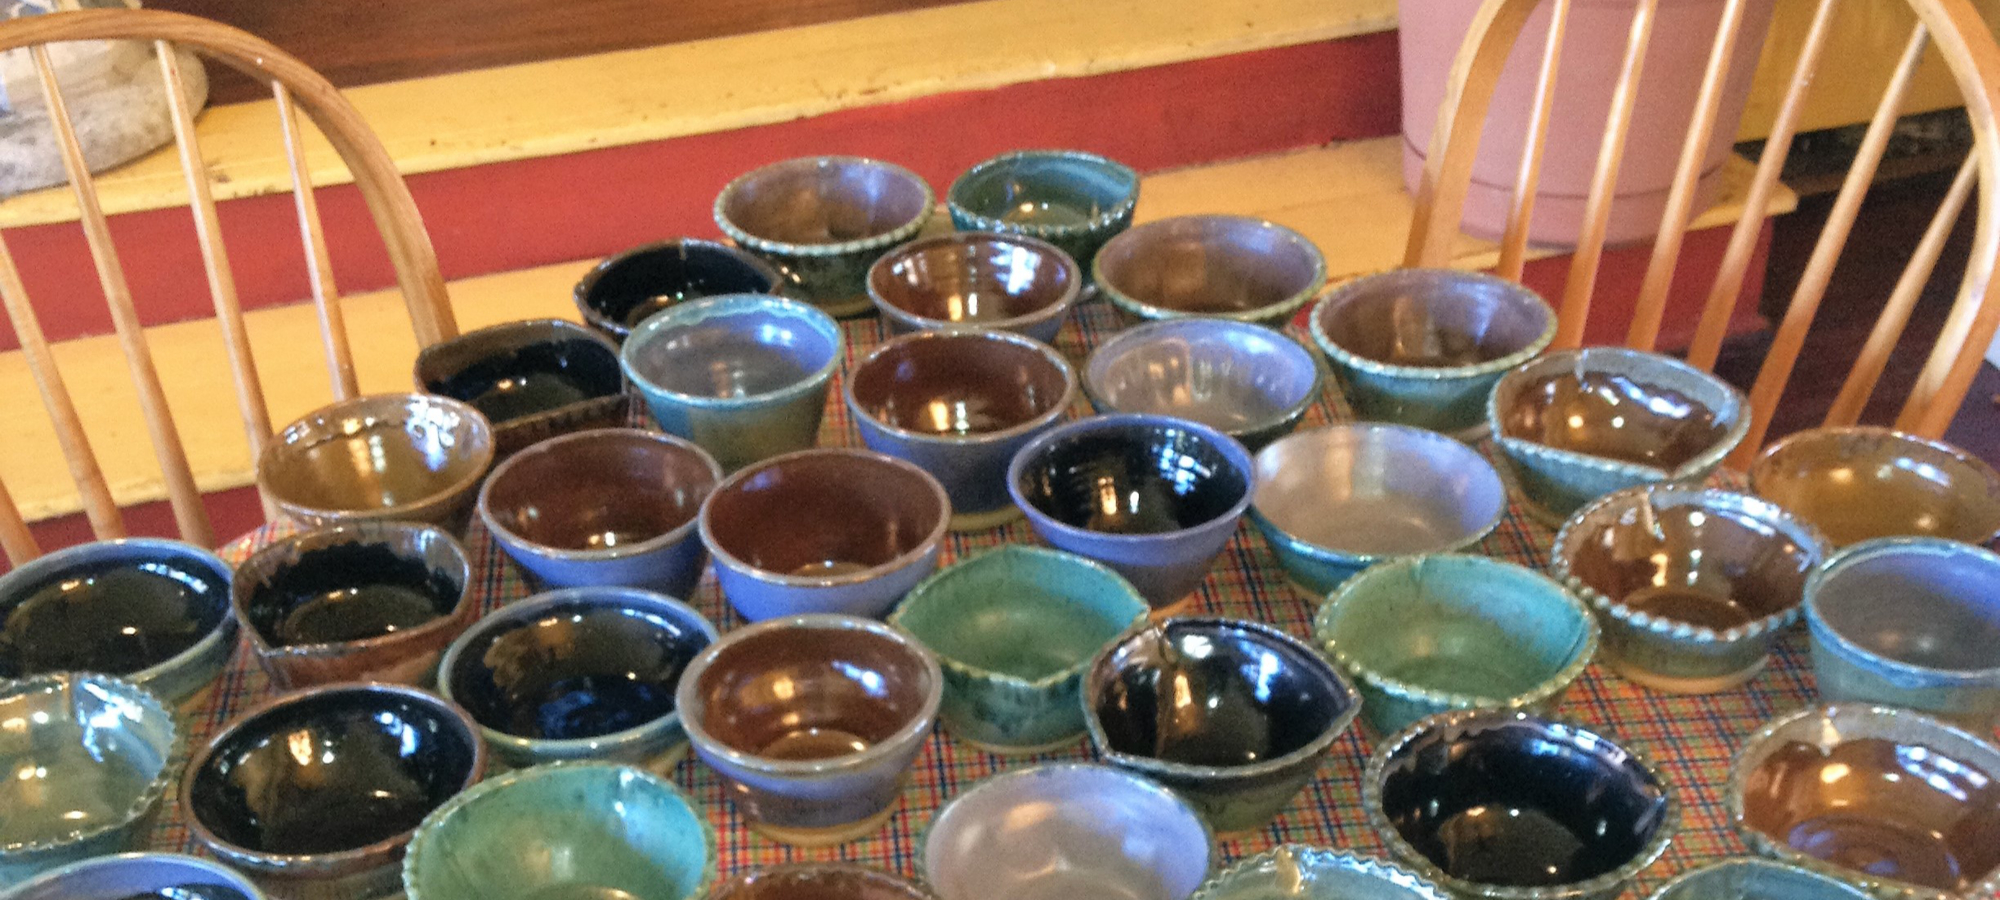 Bowls that take up entire table made at Artcroft
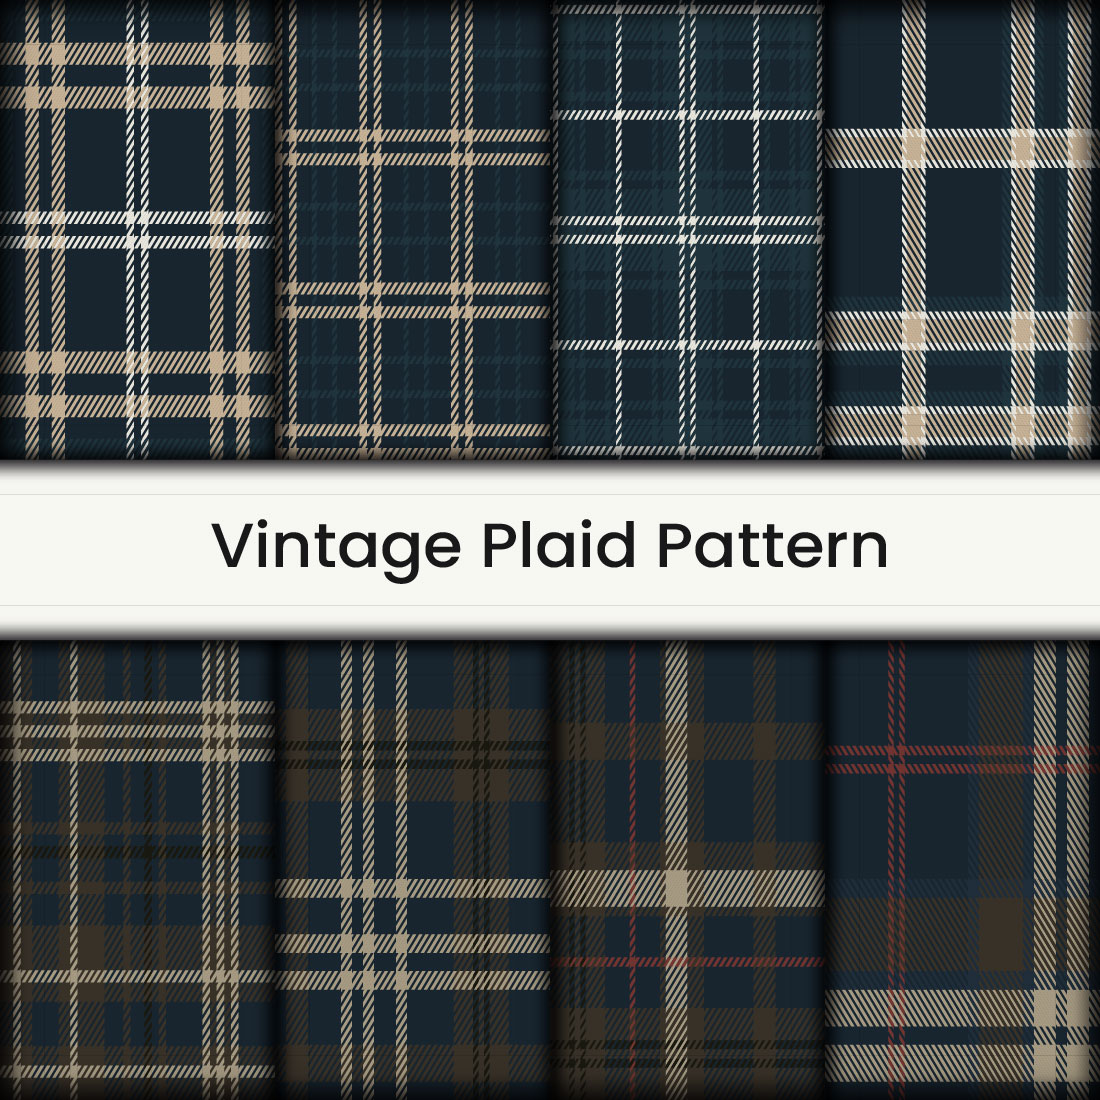 Bundle of check plaid pattern or scarf, blanket, throw, shirt other fashion textile design only $10 pinterest preview image.
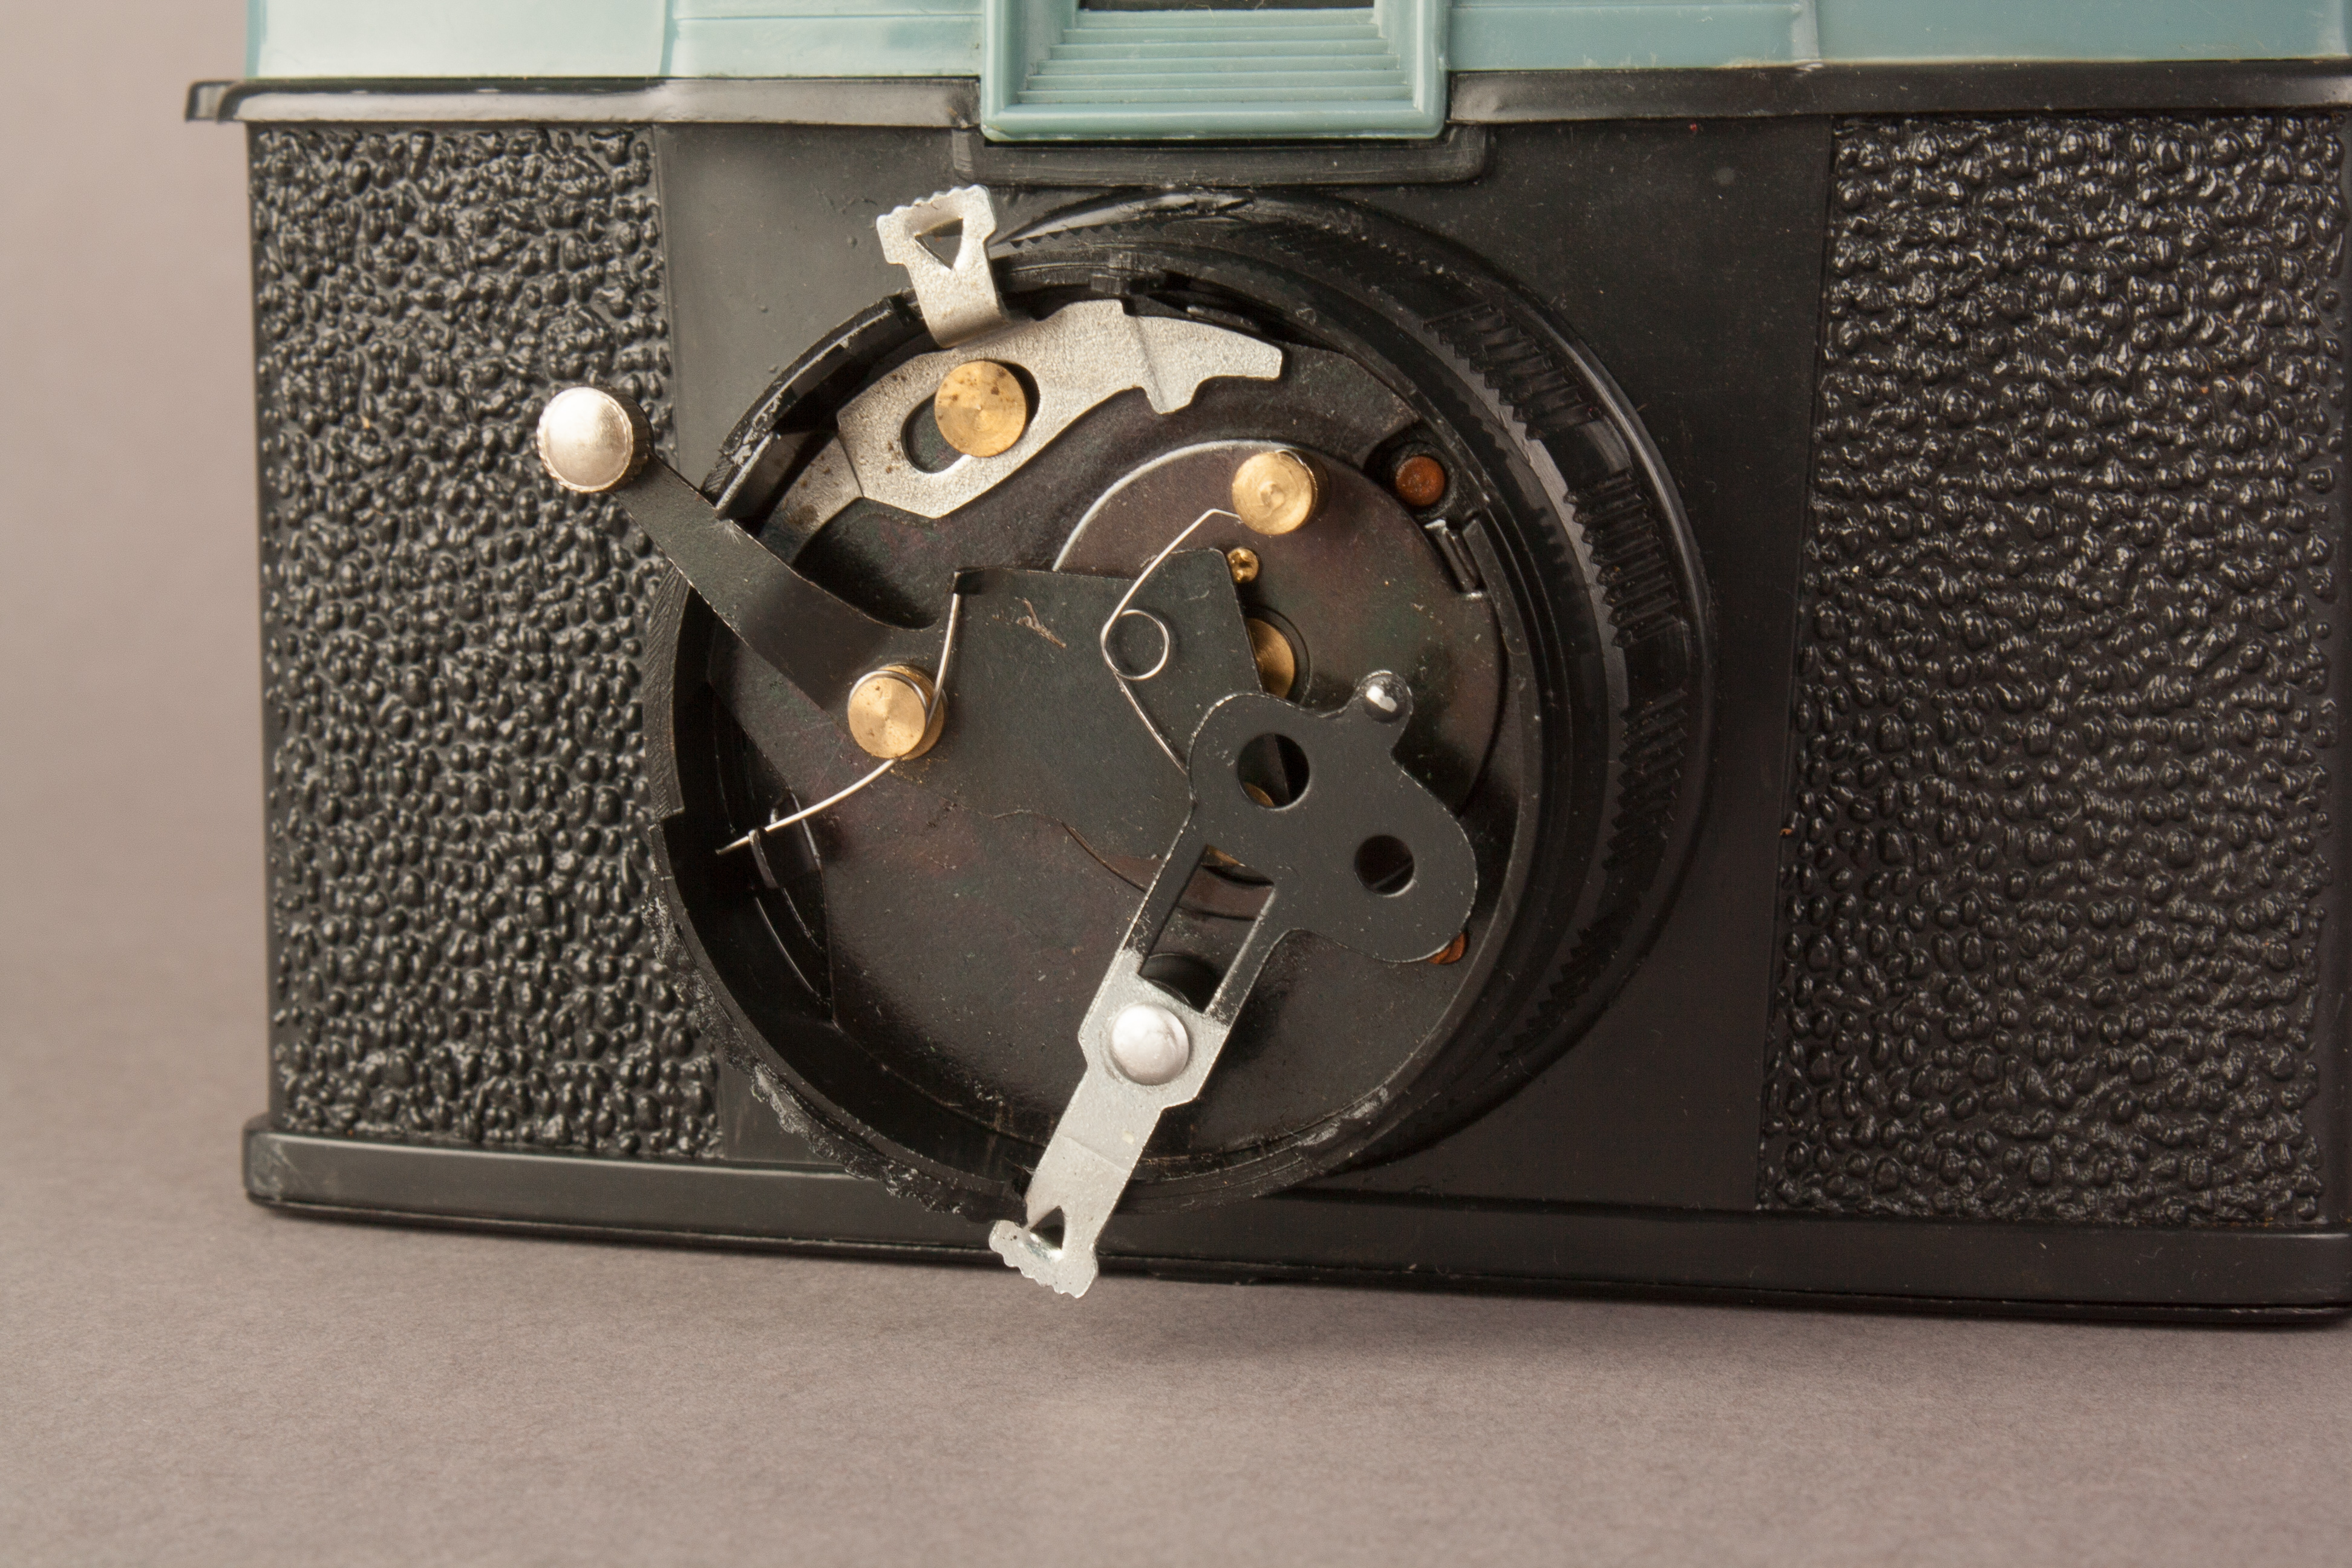 A picture showing the Diana F shutter mechanism
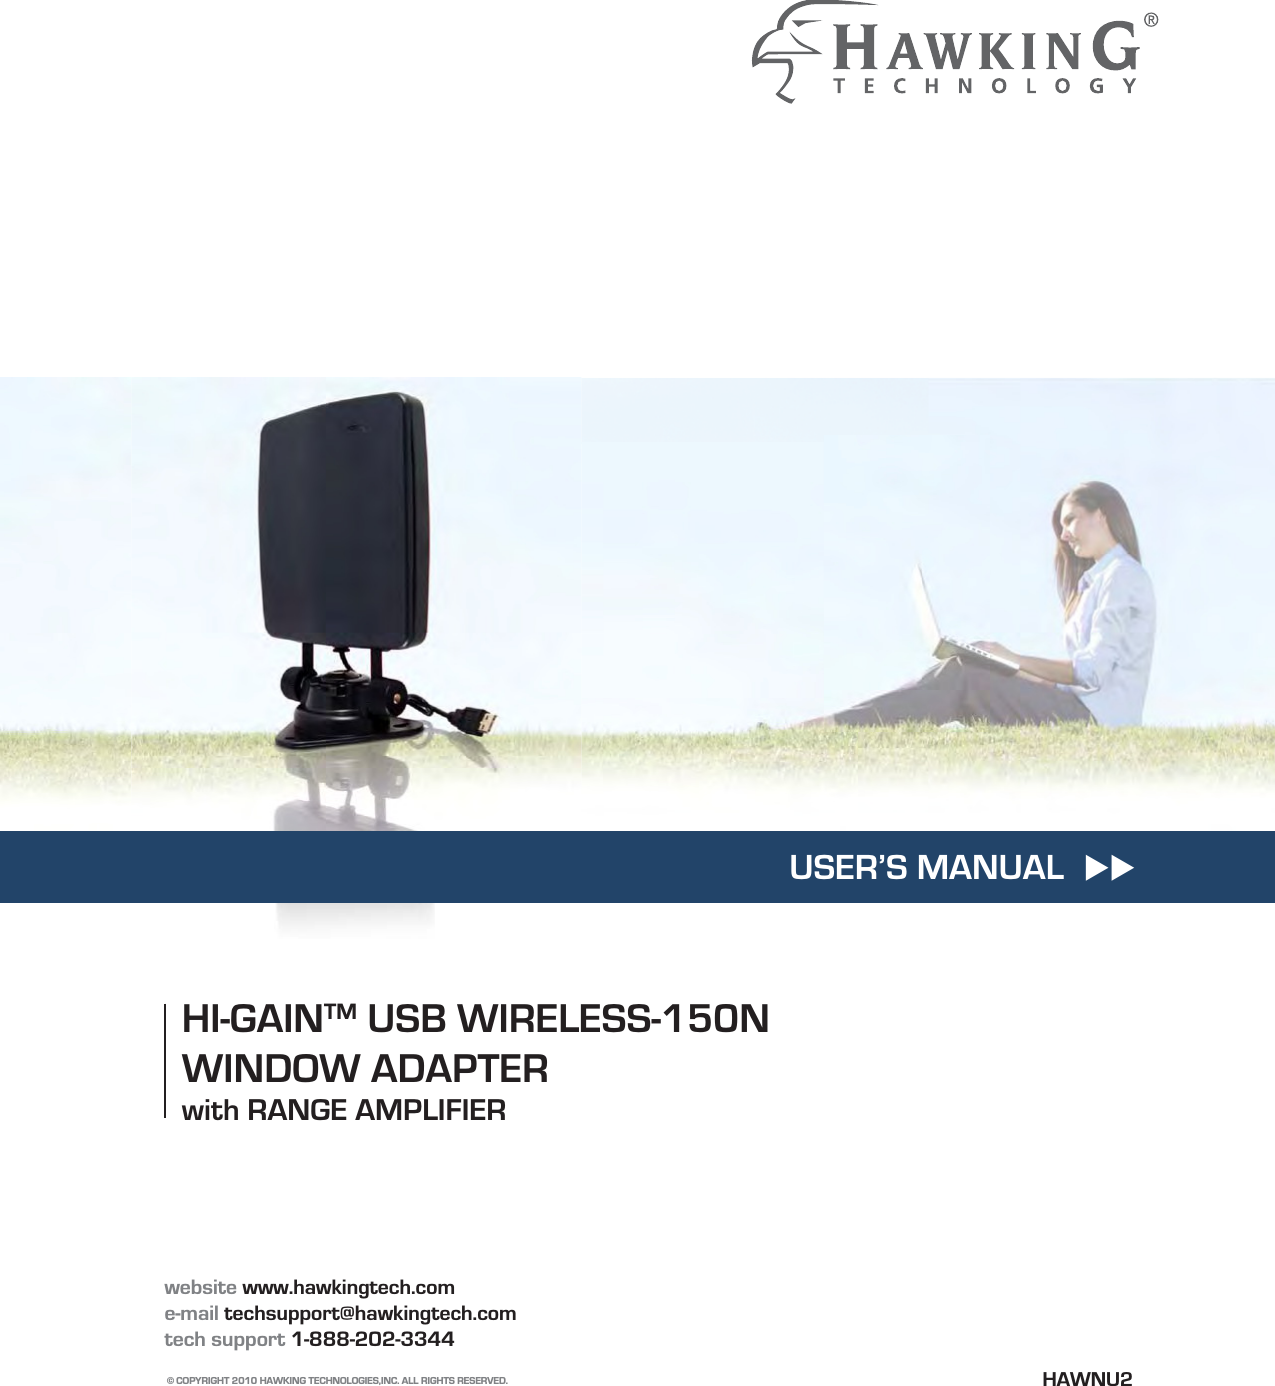 website www.hawkingtech.come-mail techsupport@hawkingtech.comtech support 1-888-202-3344© COPYRIGHT 2010 HAWKING TECHNOLOGIES,INC. ALL RIGHTS RESERVED.        HI-GAINTM USB WIRELESS-150N WINDOW ADAPTERwith RANGE AMPLIFIERHAWNU2USER’S MANUAL

◇ ◇ ◇ ◇

Everything in the material must be duplicated exactly, except the pictures.

 Bowls that take up entire table made at Artcroft
 Bundle of check plaid pattern or scarf, blanket, throw, shirt other fashion textile design only $10 pinterest preview image.
 A picture showing the Diana F shutter mechanism
 website www.hawkingtech.come-mail techsupport@hawkingtech.comtech support 1-888-202-3344© COPYRIGHT 2010 HAWKING TECHNOLOGIES,INC. ALL RIGHTS RESERVED.        HI-GAINTM USB WIRELESS-150N WINDOW ADAPTERwith RANGE AMPLIFIERHAWNU2USER’S MANUAL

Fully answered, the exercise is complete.